---- Collected data
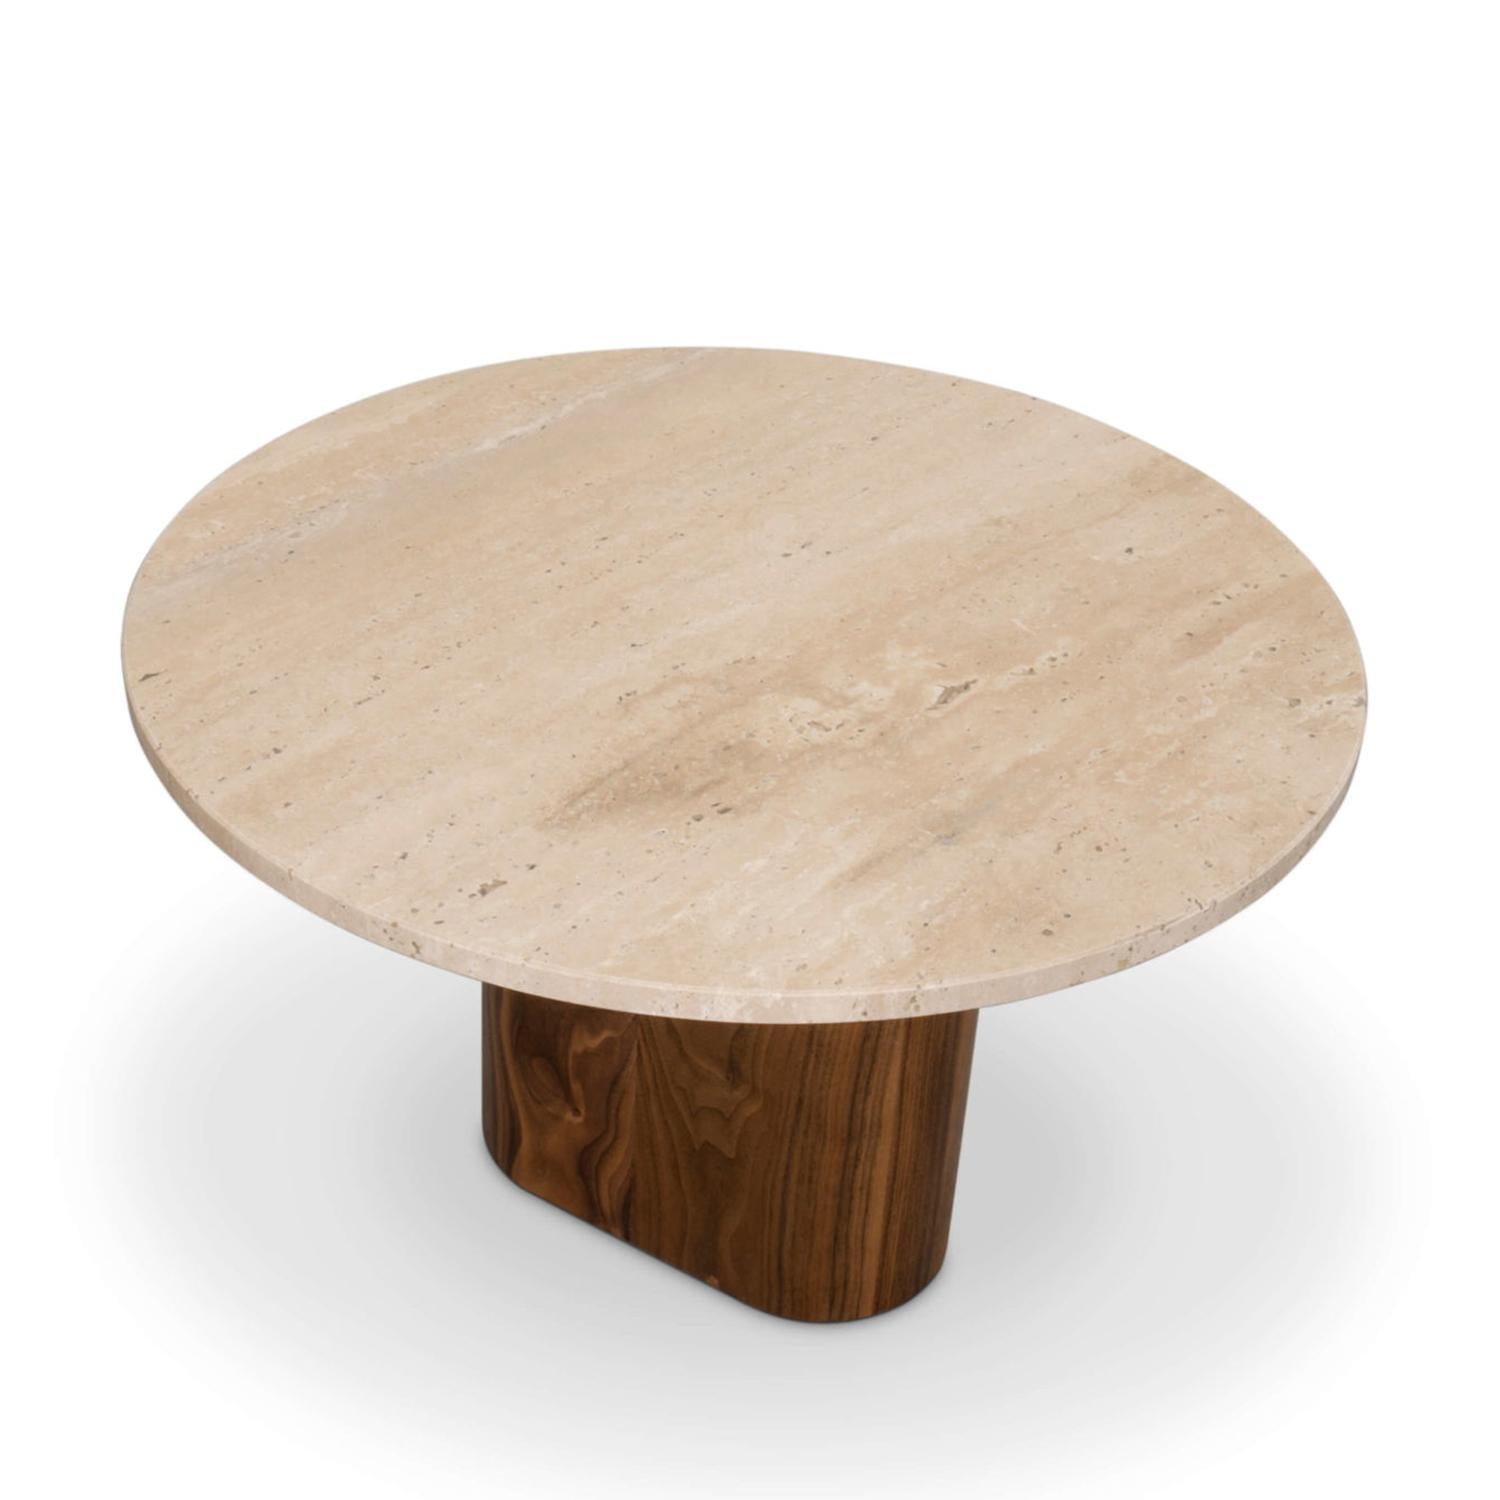 Side table Tessa with solid walnut 
wood bases and with travertine tabletop.
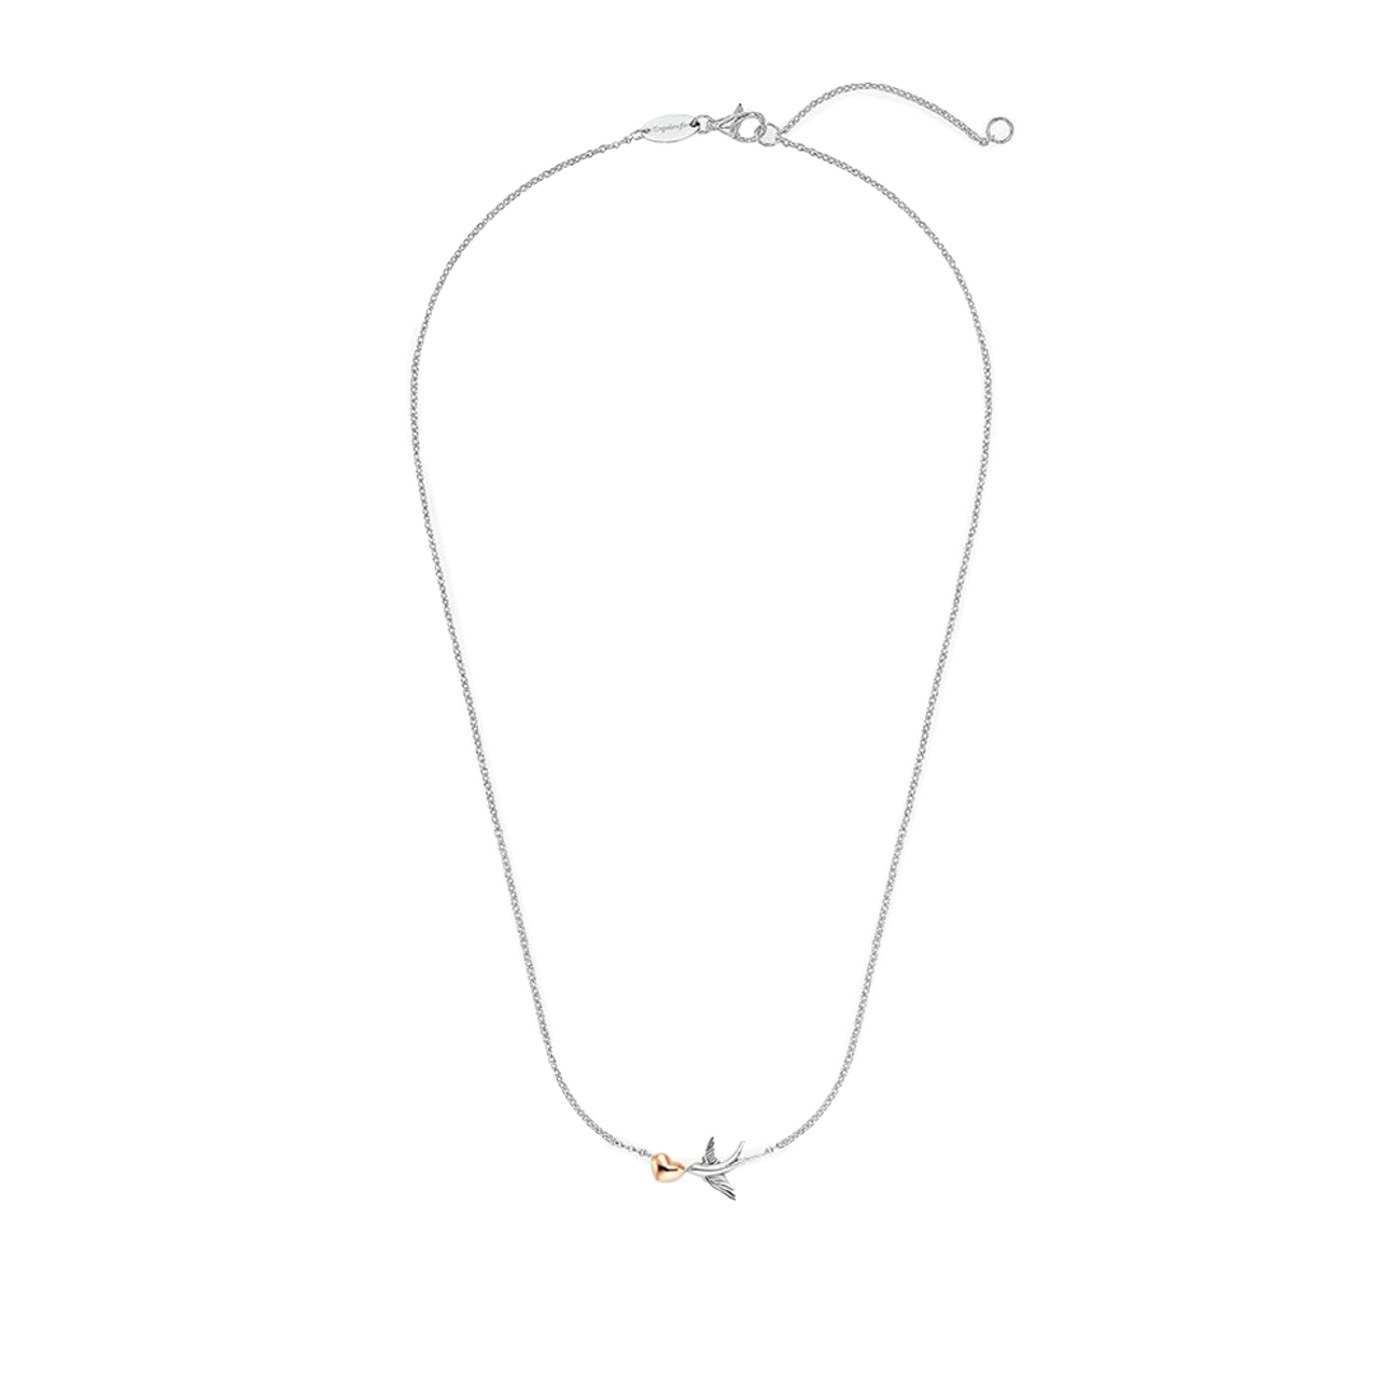 Engelsrufer Swallow Necklace in Sterling Silver 925
--------
What the task asks
This exercise calls for the complete listing, returned exactly and without images.

Exercise output
 Side table Tessa with solid walnut 
wood bases and with travertine tabletop.
 Engelsrufer Swallow Necklace in Sterling Silver 925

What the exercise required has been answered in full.